2.3. Genome Survey Sequencing and Quality Control

A paired-end library with an insert size of 220 base pairs (bp) was constructed assembled through the controlled fragmentation of genomic DNA, meticulously following the standardized procedure established by Illumina (Beijing, China). Subsequent to the library’s preparation, the Nanjing Genepioneer Biotechnologies Co., Ltd. (Nanjing, China) employed an Illumina HiSeq 2500 sequencing platform to generate the sequence data. The process of Base Calling was executed utilizing Illunima Casava 1.8. After sequencing, filtering and sequence data correction yielded clean reads.

2.4. Genome Sequencing Assembly and GC Content

For the assembly of the genome, we employed SOAPdenovo2 software version 1.0 (https://github.com/aquaskyline/SOAPdenovo2, accessed on 20 February 2025) and AByss software version 2.3.10 (https://github.com/bcgsc/abyss, accessed on 20 February 2025) [22,23], utilizing clean reads. The assessment of K-mer sizes at 17 was executed with default parameters, and the optimal K-mer size was determined based on the N50 length [24]. Given that sequences under 200 bp were prone to originating from repetitive or low-quality sources, reads exceeding a length of 200 bases were selected for subsequent contig sequence realignment. Ensuring the concurrence of the paired-end relationship between reads and contigs, scaffolds were progressively constructed utilizing paired-end inserts. To yield insights into the genome’s characteristics, we computed the average depth and GC content for each window, producing both GC-depth plots and determining repeat content by stratifying GC clusters [25]. BUSCO software version 6.0 was employed to quantitative assessment of genome assembly and annotation [26].

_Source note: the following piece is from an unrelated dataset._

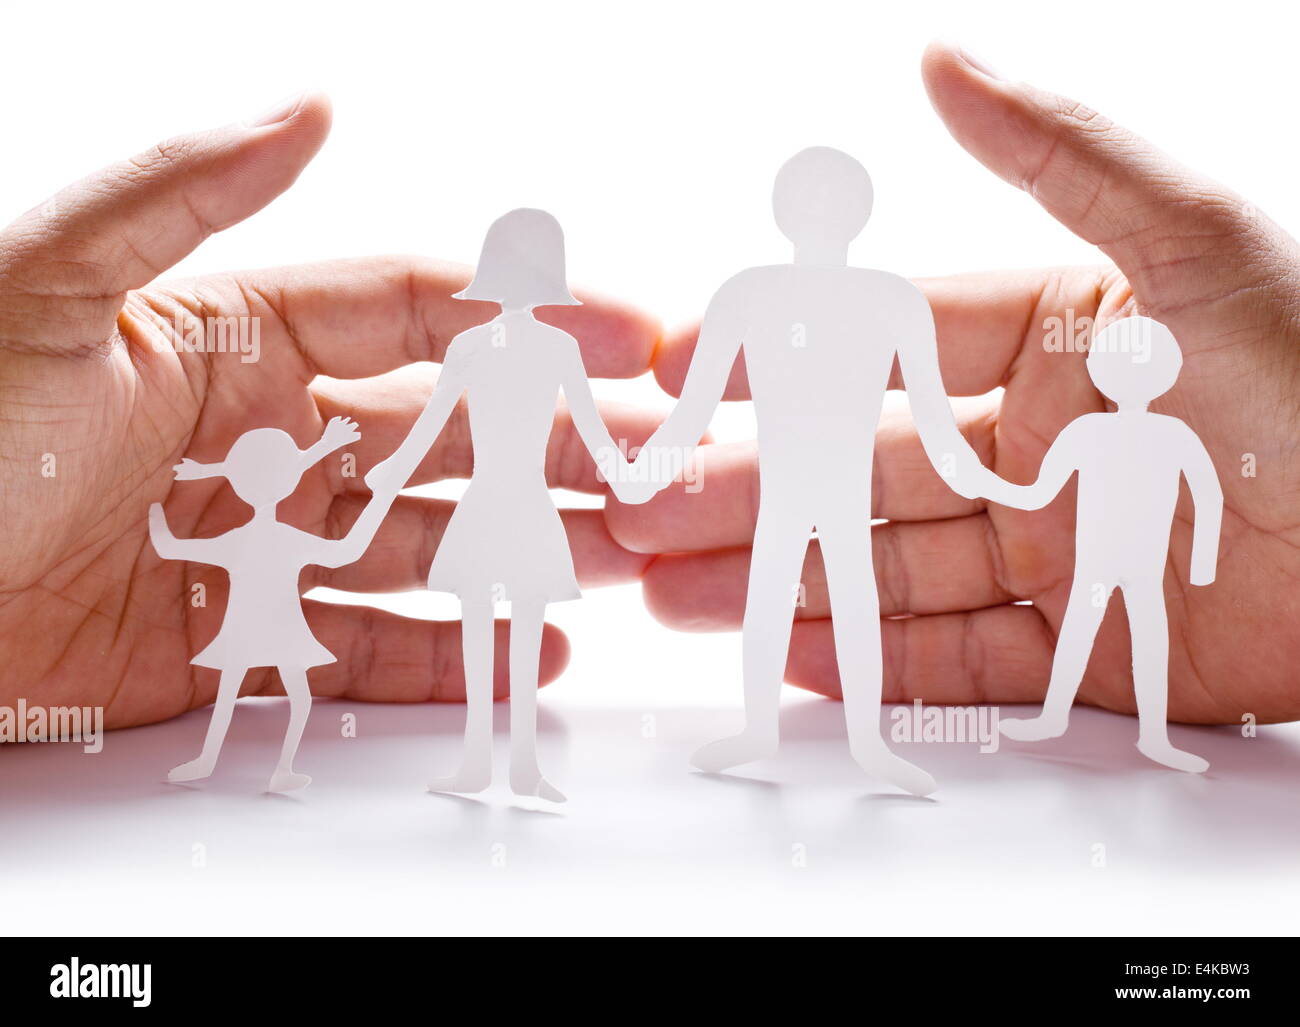 Pappfiguren der Familie auf einem weißen Hintergrund. Das Symbol der Einheit und des Glücks. Händen umarmen sanft die Familie. Stockfoto
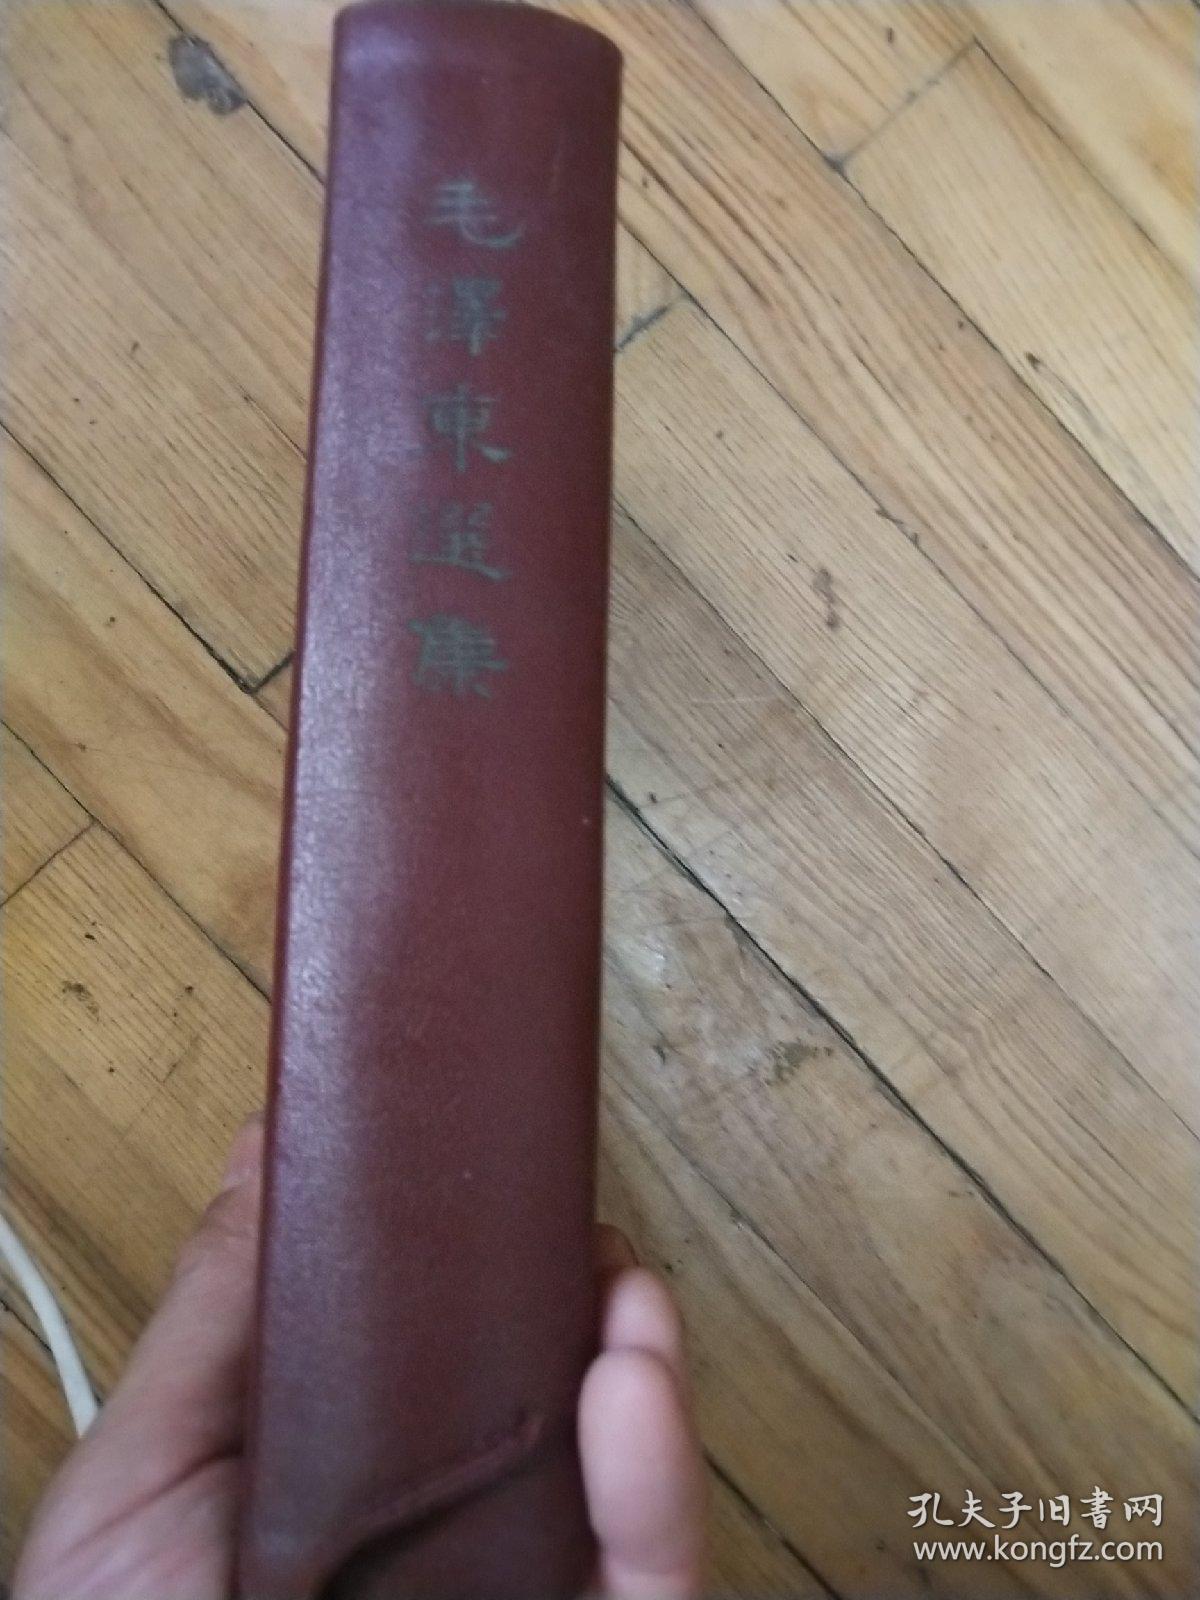 毛泽东选集 一卷本 精装1966年 1版1印 竖排

2.5. Genomic SSR Identification and PCR Amplification

The identification of SSR markers was carried out using MISA software (version 2.1, http://pgrc.ipk-gatersleben.de/misa/, accessed on 15 March 2025). SSR motifs identification was based on the following thresholds: The minimum repeat number for mononucleotide motifs was set at ten, for dinucleotide motifs at six, and for trinucleotide, tetranucleotide, pentanucleotide, or hexanucleotide motifs, the threshold was five. The compound SSRs were identified as sequences where distinct microsatellite repeats.
In this study, due to the abundance of SSRs, 17 SSR loci were randomly selected from tri- and tetranucleotide microsatellites and designed corresponding primer pairs for PCR amplification. These primer pairs were designed using Primer Premier 5.0 software (www.premierbiosoft.com/primerdesign/, accessed on 30 May 2025) (Table 1), with all oligonucleotides conforming to the following specifications: length between 20 and 26 nucleotides, amplification product size ranging from 100 to 300 base pairs, and optimal annealing temperatures maintained at 50–60 °C. Primers were synthesized by Zhejiang Youkang Biotechnology Co., Ltd., Huzhou, China. The 20 µL PCR reaction system contained 1 µL genomic DNA (40 ng/µL), 0.5 µL (20 pmol/L) of each forward and reverse primer, 10 µL of 2X Taq-AS PCR Mix (BestEnzymes Biotech, Lianyungang, China), and 8 µL of double-distilled water. The PCR conditions were as follows: 2 min at 94 °C; 30 cycles at 94 °C for 20 s, 60 °C for 20 s, and 72 °C for 20 s; and a final extension at 72 °C for 3 min. The final PCR product was visualized by 2% agarose gel electrophoresis at 120 V for 30 min.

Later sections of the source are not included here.